Ik had er vijf bij me maar van een ander merk.


----------



## Lester Burnham (May 9, 2008)

Watchuseek Admin said:


>


Die foto zegt genoeg, het was een geslaagde meeting! 
Mooie foto's ook nog trouwens Ernie, zeker die van die Rolex-fanboy 



om-4 said:


> Het WUS gezellig, mannen.
> 
> Veel is duidelijk. Kan je ergens je polsen laten vergroten?
> Met mijn nietige polsen zal het even geen Doxa worden.
> ...


Wow Chip, wat een gruwelijk mooie foto!
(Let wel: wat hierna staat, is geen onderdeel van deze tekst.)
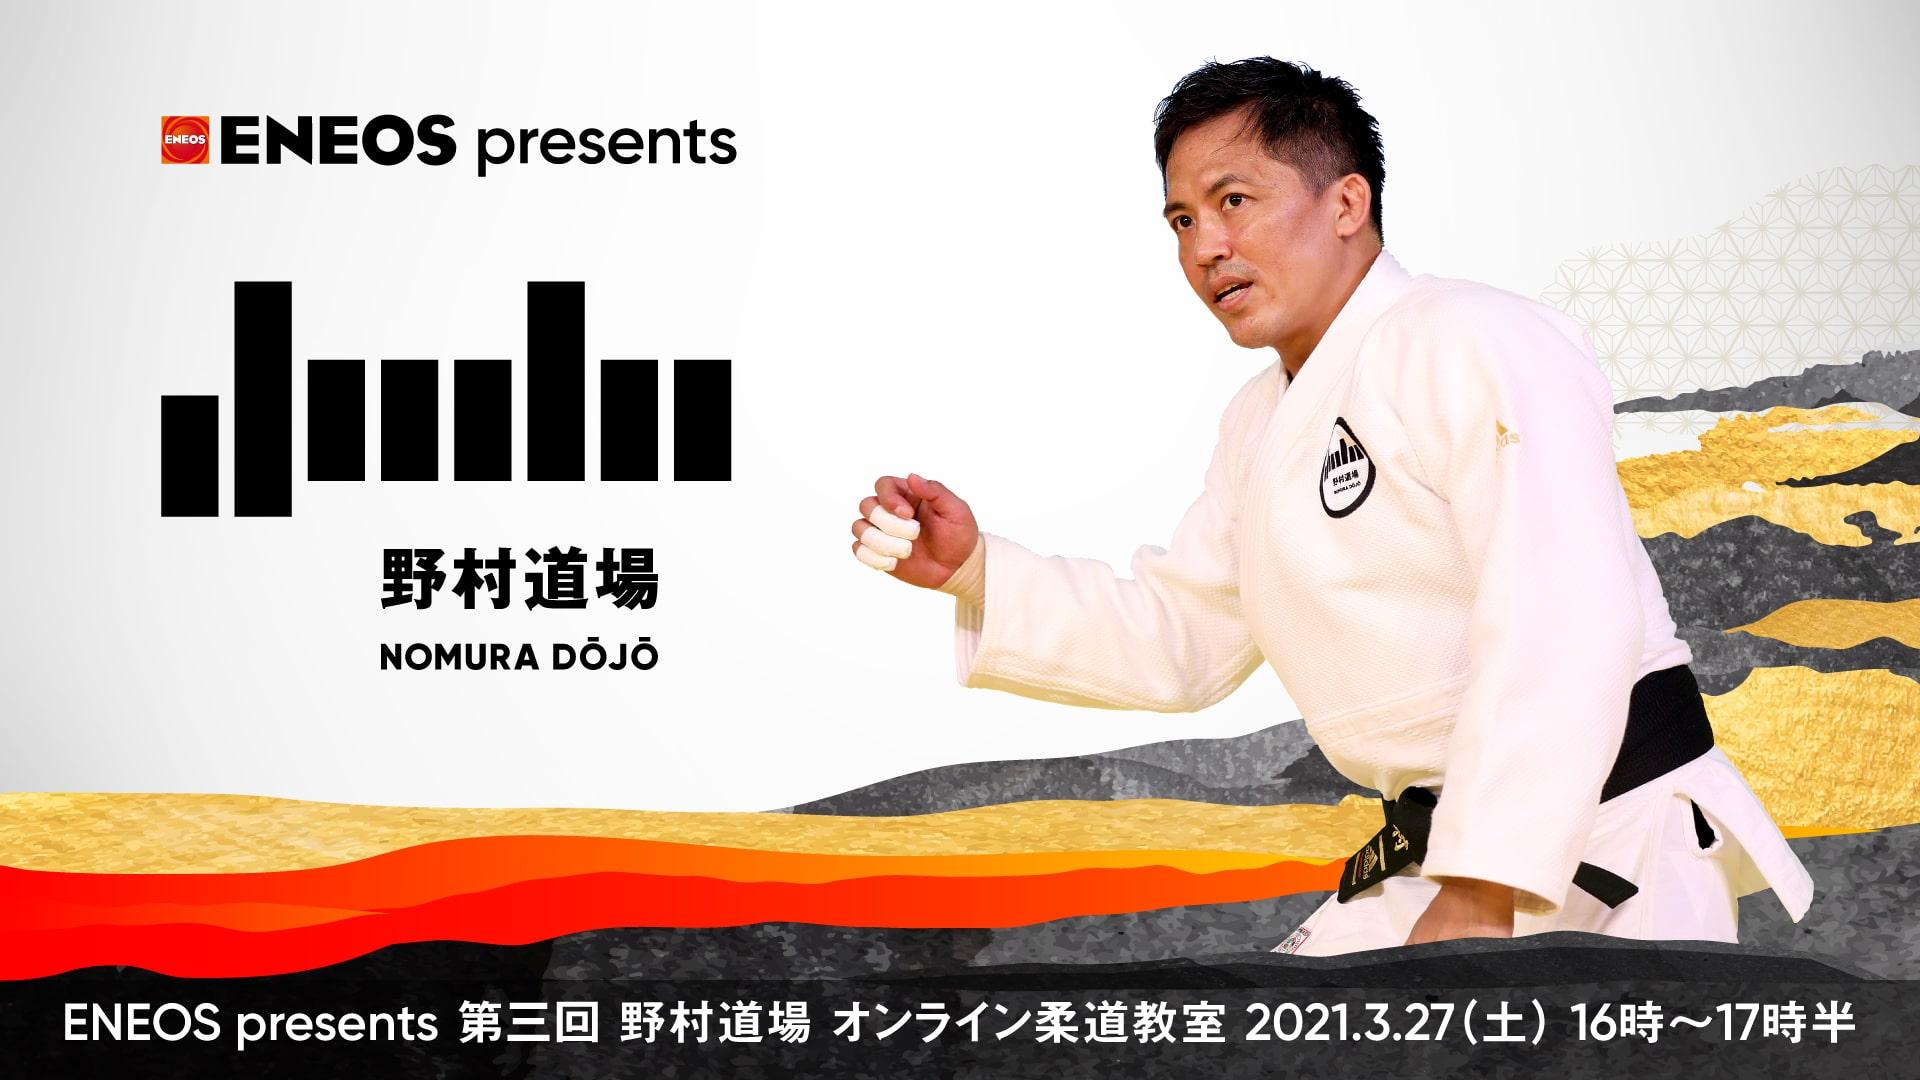 ENEOS presents 第三回 野村道場 オンライン柔道教室 3月27日(土)開催
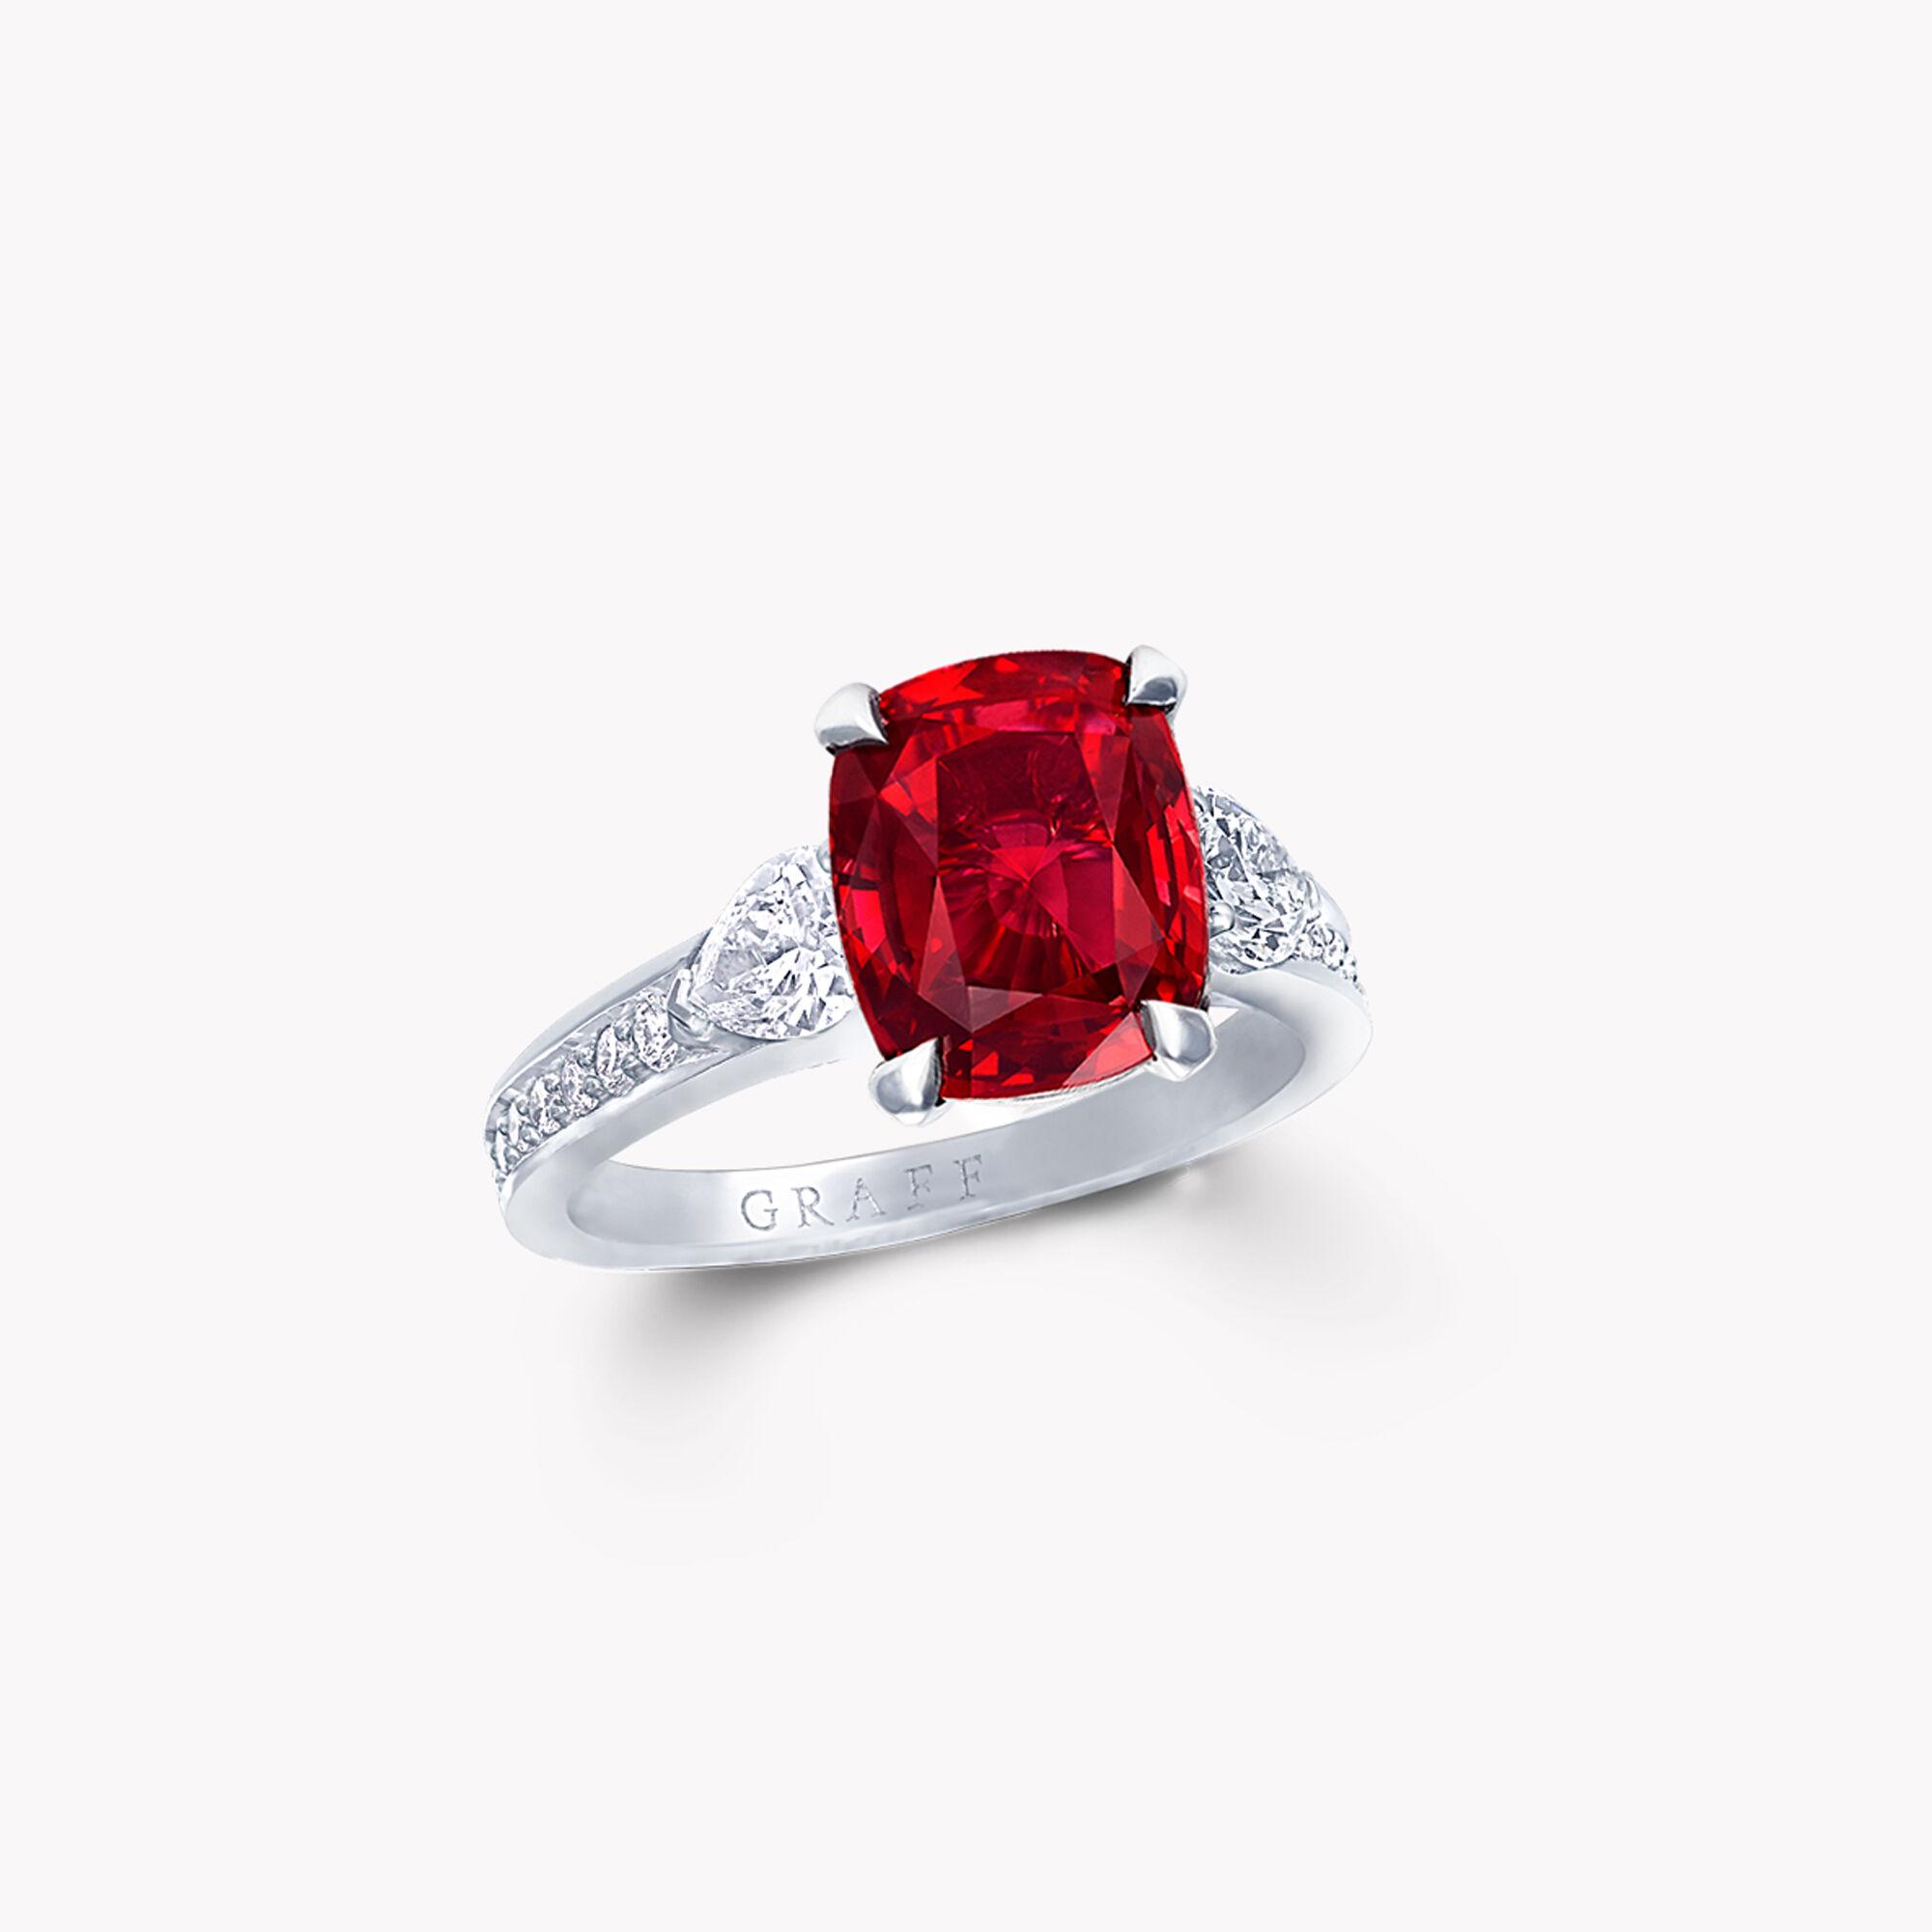 A Graff ruby and white diamond high jewellery bracelet

Had niet eens in de gaten dat er iemand foto's van de Speedy had gemaakt!
Ohja, en ik ben het heel erg eens over die polsopmerking ;-)


----------



## Bidle (Aug 5, 2006)

Watchuseek Admin said:


> Oh ja, die twee prachtige IWC horloges ... die heb ik in het IWC Forum gepost. Ben benieuwd naar de reacties.


Vermoed dat die beter zal worden ontvangen dan dit gedrocht......brrrrrr


----------



## Dimer (Jun 24, 2008)

Ik vond het heel erg gezellig!



Bidle said:


> Vermoed dat die beter zal worden ontvangen dan dit gedrocht......brrrrrr


Toch is er veel vraag naar!


----------



## MHe225 (Jan 24, 2010)

Het was mij net te ver ..... :-( Lijkt er wel op dat jullie op een zeer geslaagde meeting kunnen terugkijken. Wie had de Doxa's mee? 'n T-Graph (en dan met name de SeaRambler) staat erg hoog op mijn lijstje, maar ik ben een beetje benauwd voor de afmeting (herken mij wel in de pols opmerking). De 1000 en 1200 serie is evenwel uitermate geschikt voor de mannen en vrouwen met smallere polsen.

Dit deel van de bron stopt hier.